В пьесе есть несколько трудных стыков. Сцена между Россом, Уиллоуби и Нортемберлендом после смерти Ганта, а также эпизод, где три фаворита, услыхав о возвращении Болингброка, расстаются в последний раз, напоминают хоровые упражнения для трех голосов и должны, вероятно, ставиться именно в таком плане. Ссору пэров перед выходом Ричарда в сцене отречения трудно поставить без риска произвести комический эффект (перчатки, которые персонажи бросают и поднимают, и пр.). Для того, чтобы избежать резких переходов от возвышенного к вульгарному, целесообразно сделать некоторые осторожные вымарки как в этой сцене, так и в сценах заговора Омерля, если они не выбрасываются вообще. Образ Йорка, используемый Шекспиром на протяжении всей пьесы в качестве некого подобия античного хора, трогательный, но порой нелепый, может оказаться очень важным, при условии, что актер и режиссер сообща найдут тактичный компромисс между комическими и драматическими чертами этого персонажа. Попытка (иногда предпринимавшаяся) представить его как чисто фарсовую фигуру ослабляет пьесу и, как мне кажется, явно противоречит замыслу драматурга. Женские образы в «Ричарде II» — обе герцогини, старые и гордые, маленькая королева, столь юная и беспомощная, — обрисованы очень бегло, и актрисам трудно облечь их в плоть и кровь, хотя в смысле вокальном и живописном они могут создать значительный эффект в нескольких отведенных им эпизодах.

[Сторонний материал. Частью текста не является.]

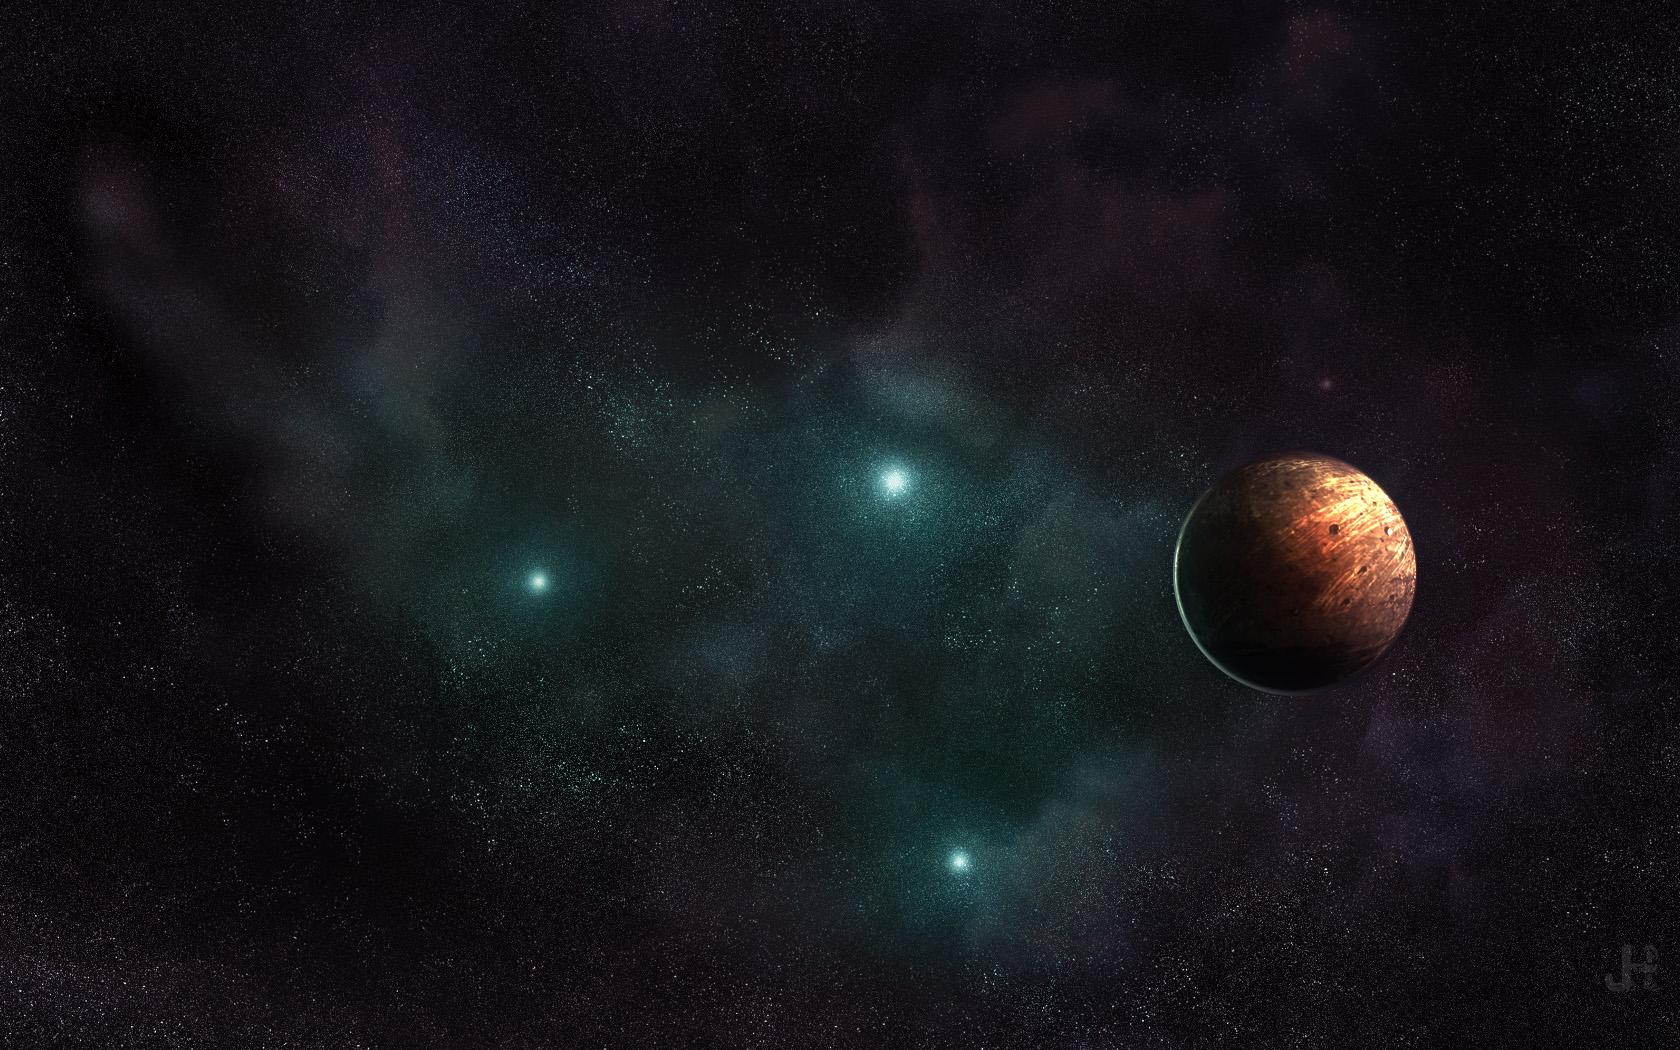 planet mars hd 1080p - photo #13
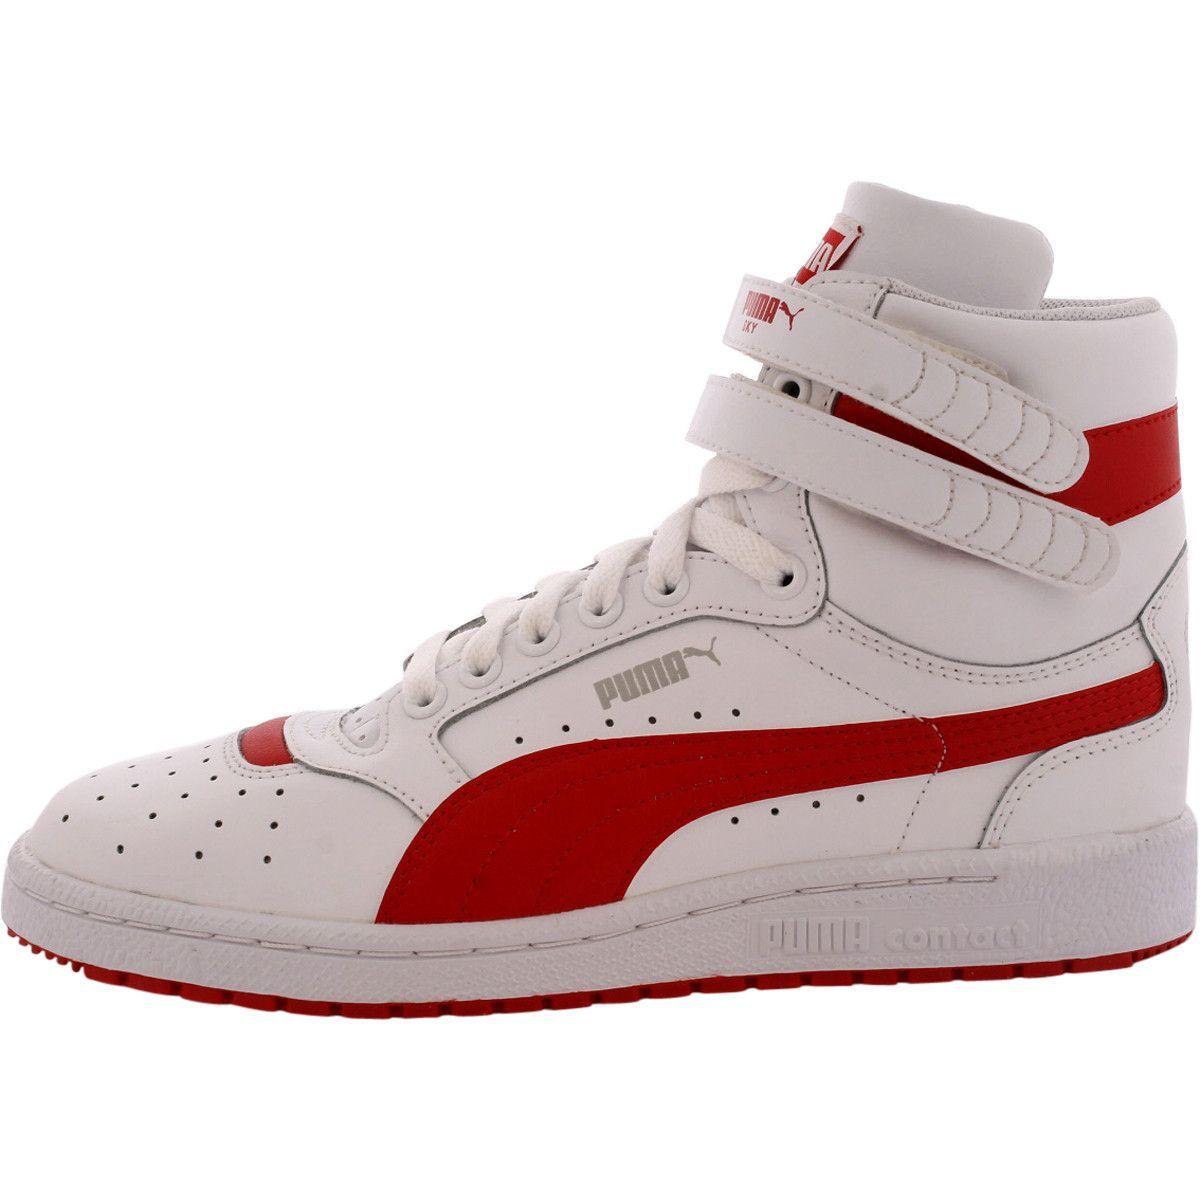 b396b7e34584 Puma - Boys  Sky II Hi Jr Sneakers (Big Kid) - White Red

Мне кажется, что все персонажи, за исключением Ганта, Йорка, епископа Карлейльского и обеих герцогинь, должны быть молоды и полны жизни; в них должно быть нечто от того неистового великолепия, которое столь изумительно живо ощущается в «Ромео и Джульетте», где герои блещут, борются и стремительно бросаются навстречу своей судьбе. «Ричард II» — это прежде всего пьеса, которая на сцене должна быть тщательно оркестрована, мелодична, проникнута юным безрассудством, пылкостью и живостью. Она не должна быть тяжеловесной и растянутой, и актерам следует точно знать, куда ведут их длинные монологи. Нужно сделать все возможное, чтобы создать контраст между сценами, следующими друг за другом. Сначала необходимо показать неустойчивость характера Ричарда, его роковое упрямое легкомыслие, которое не могут обуздать ни предсмертные предостережения, ни безупречное благородство Ганта. Затем, когда мы доберемся до сердца пьесы и Шекспир постепенно раскроет перед нами душу короля, мы должны почувствовать, как известие о смерти его фаворитов и дезертирстве подданных вынуждает Ричарда отказаться от своих созерцательных поэтических фантазий и лицом к лицу встретить суровую реальность — враждебность Нортемберленда и непреклонную решимость безжалостного Болингброка.
Как и во всех шекспировских пьесах, основная трудность заключается в том, чтобы сочетать простоту и музыкальность исполнения стиха с ощущением животрепещущей реальности действия. Публике должно казаться, что события, изображенные в пьесе, действительно происходят; но при этом, как и в опере, музыку строк нельзя ни смазывать, ни растягивать, ни без толку убыстрять. Короче говоря, блестящая поэтическая техника должна быть тщательно уравновешена, передана просто и обогащена колоритом образа и актерской индивидуальностью, а изображаемое столкновение событий казаться естественным и жизненно убедительным. Поэзия должна незаметно раствориться в драматическом действии, так чтобы публика воспринимала их уже как одно целое, и, если с этим успешно справиться, обе линии будут подкреплять друг друга, создавая полную гармонию впечатления.
БЕНЕДИКТ — ЛЕОНТ — КАССИЙ
Выдающаяся постановка классической пьесы может на долгие годы сделать эту вещь популярной. Так, например, случилось в Англии с комедией «Много шума из ничего».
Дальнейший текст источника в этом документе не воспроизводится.